▸ Task to complete: The whole listing, please: repeat it exactly, with the pictures left out.

▸ Information provided:
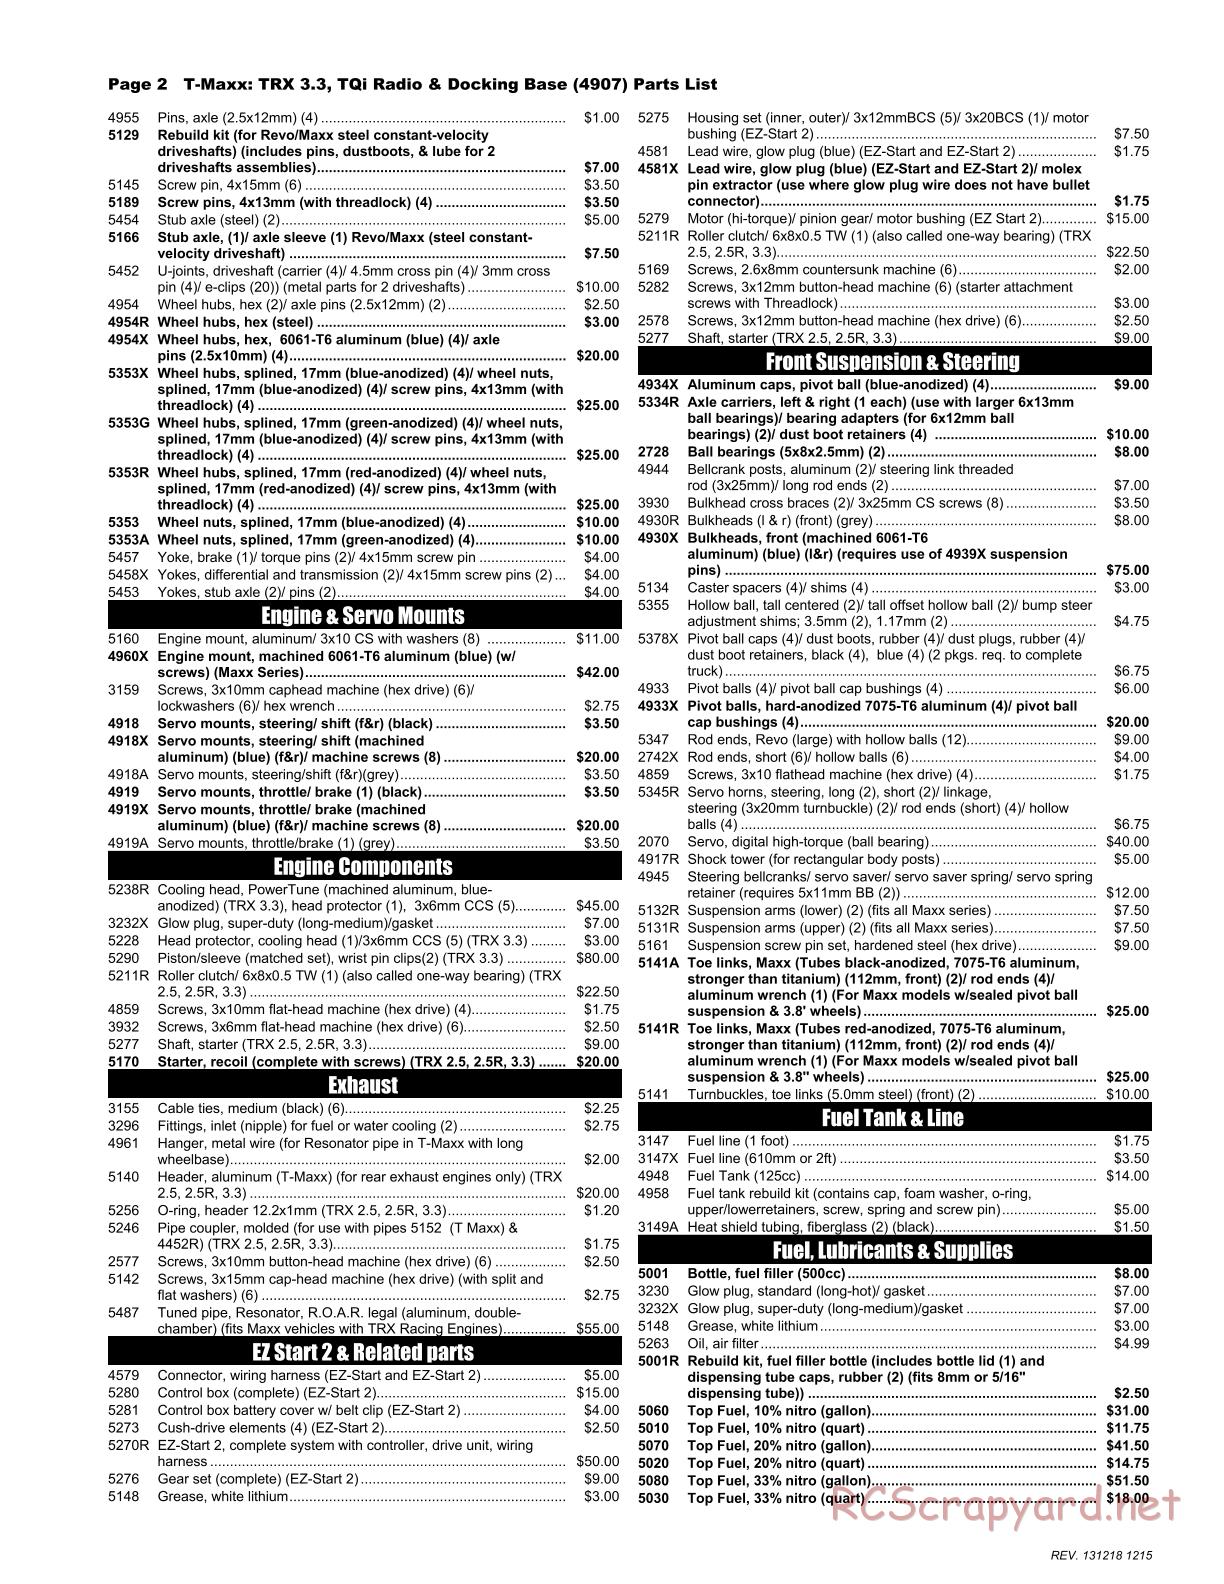 Traxxas - T-Maxx 3.3 (2010) - Parts List - Page 2
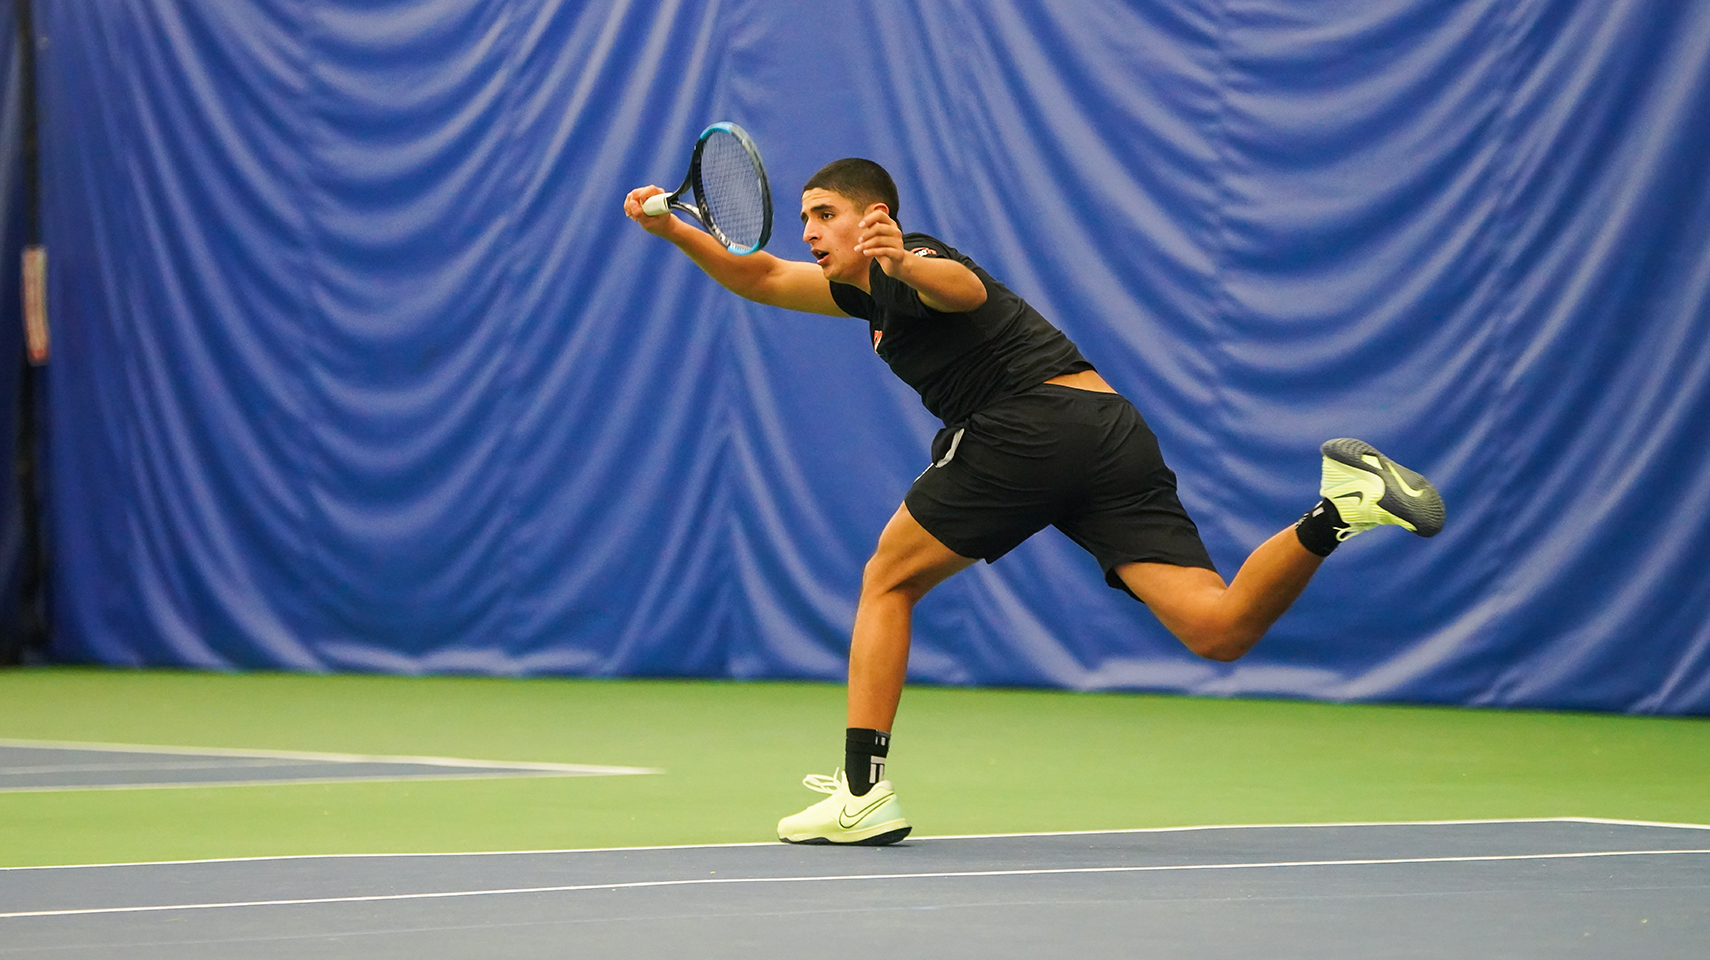 Men's tennis player reaching for a ball
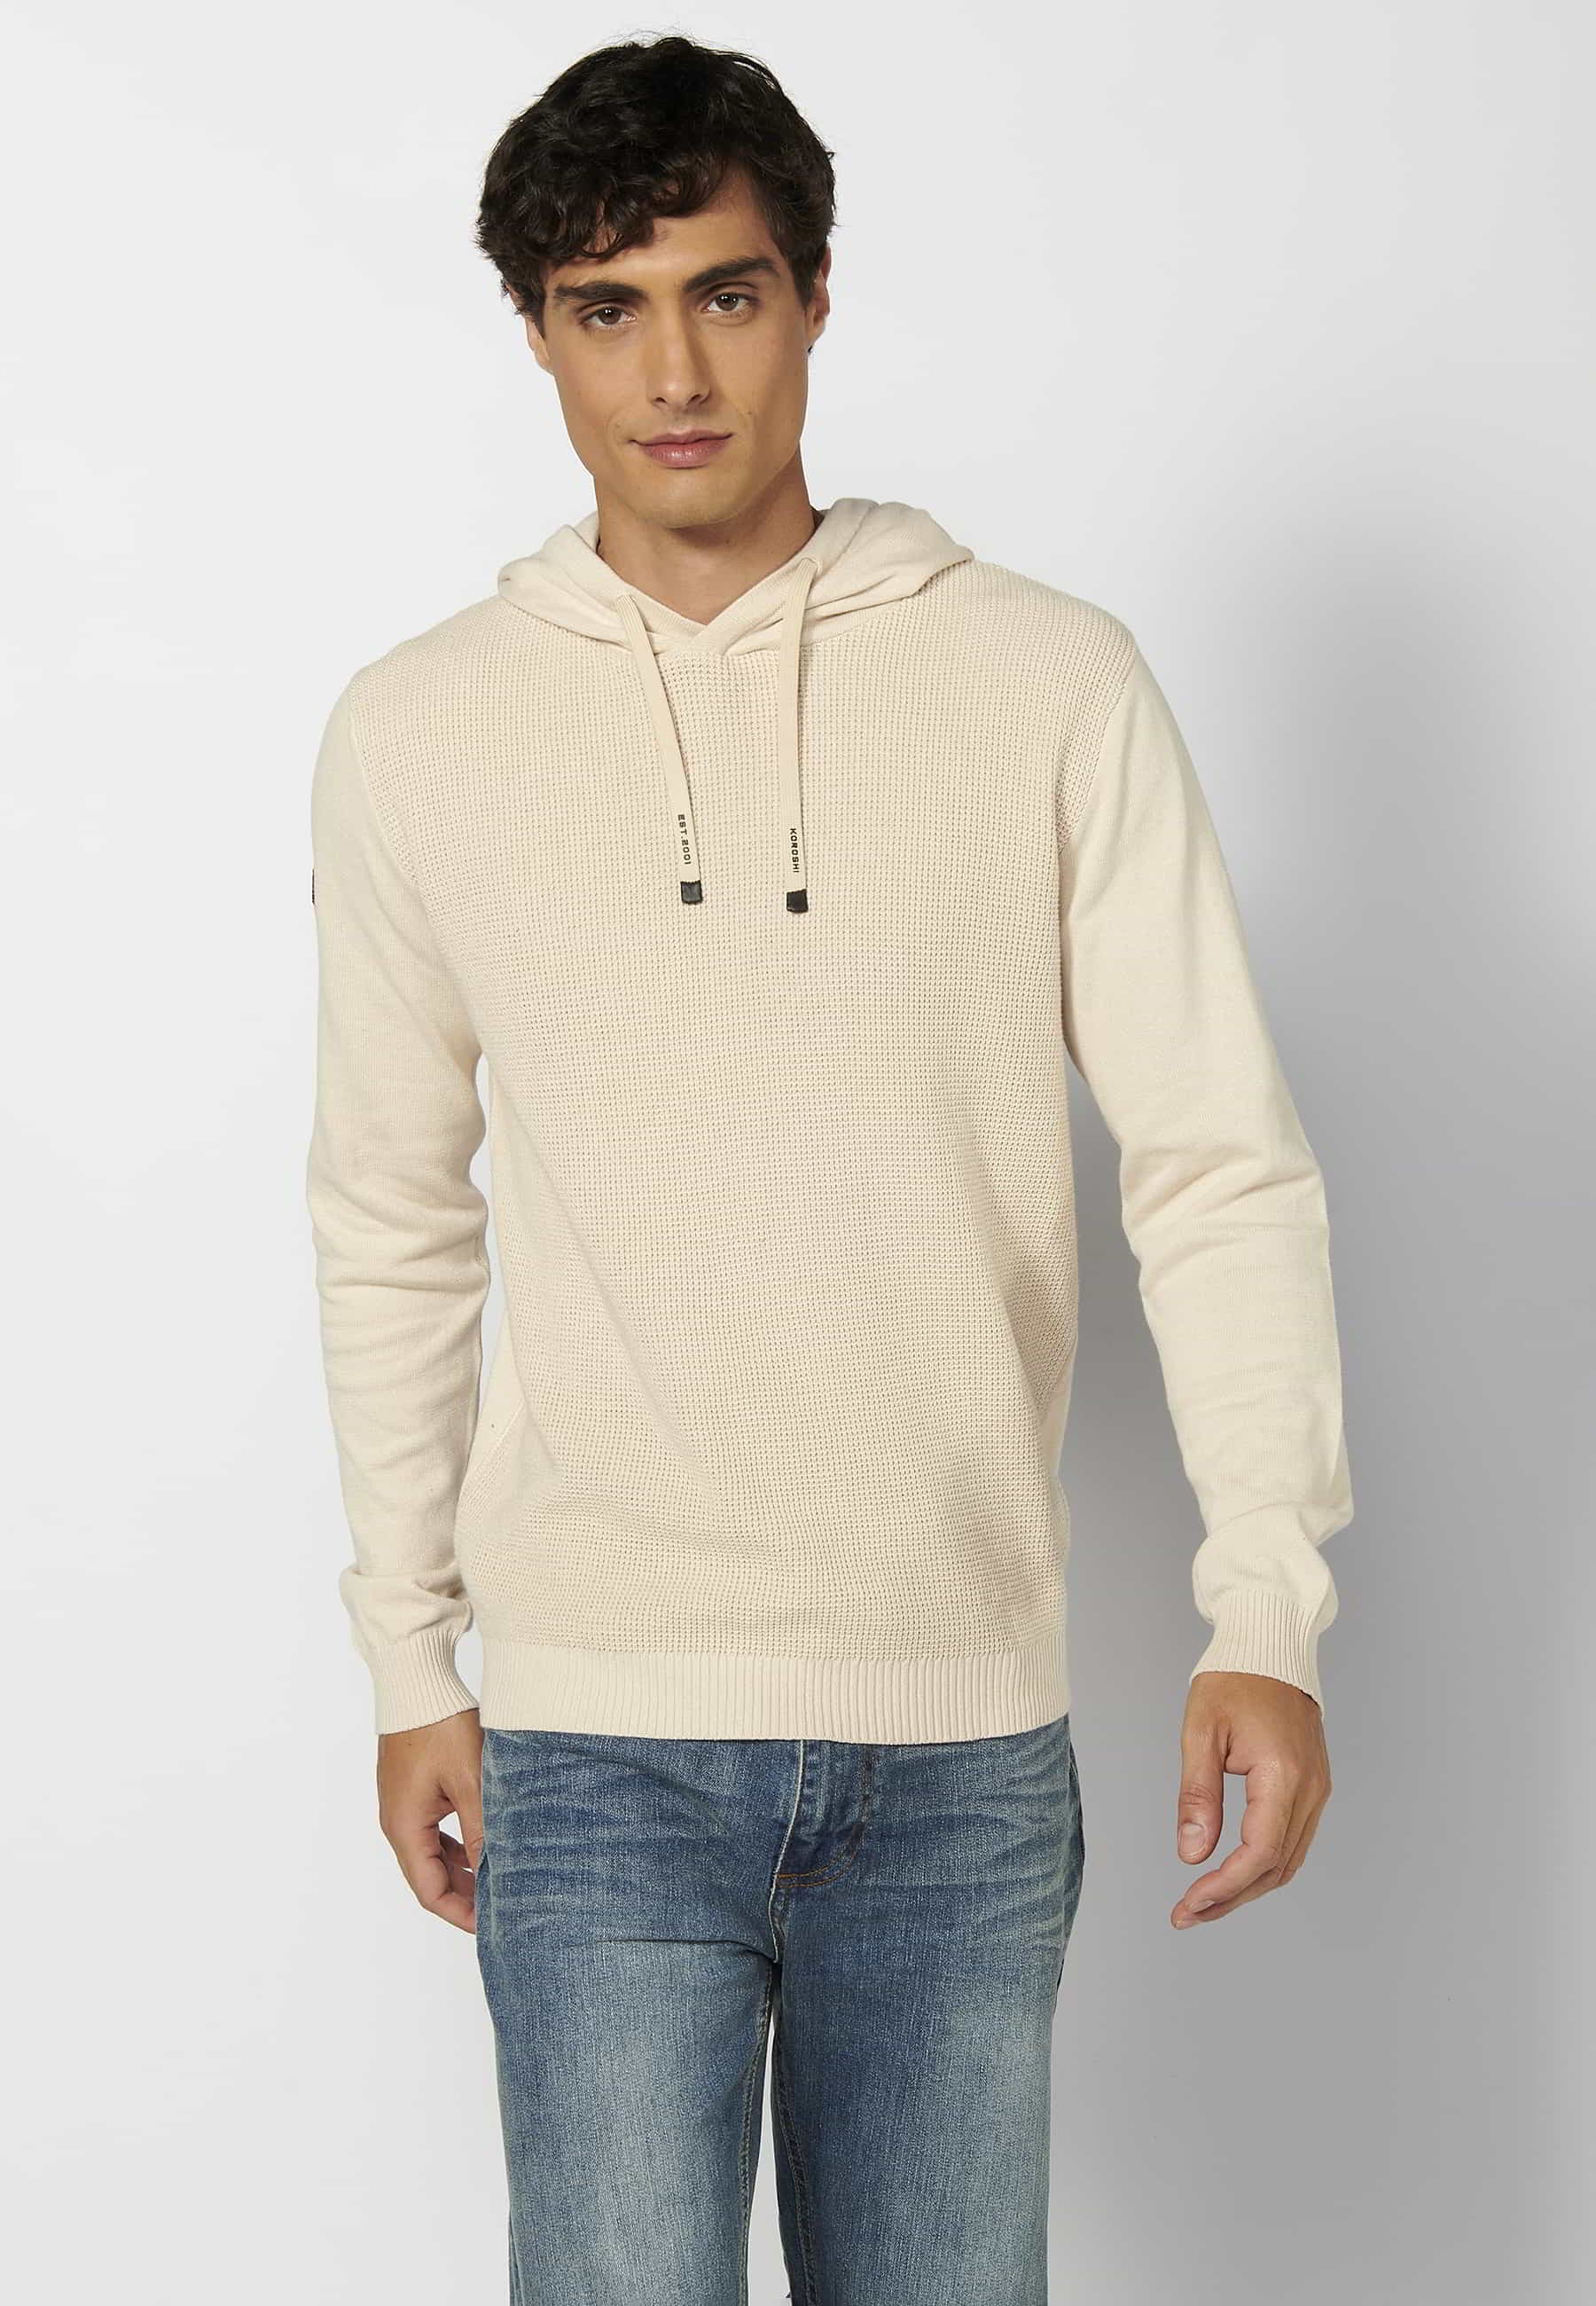 Long-sleeved tricot sweatshirt with adjustable ecru hood for Men

▸ Response box:
 Traxxas - T-Maxx 3.3 (2010) - Parts List - Page 2
 Men's tennis player reaching for a ball
 Long-sleeved tricot sweatshirt with adjustable ecru hood for Men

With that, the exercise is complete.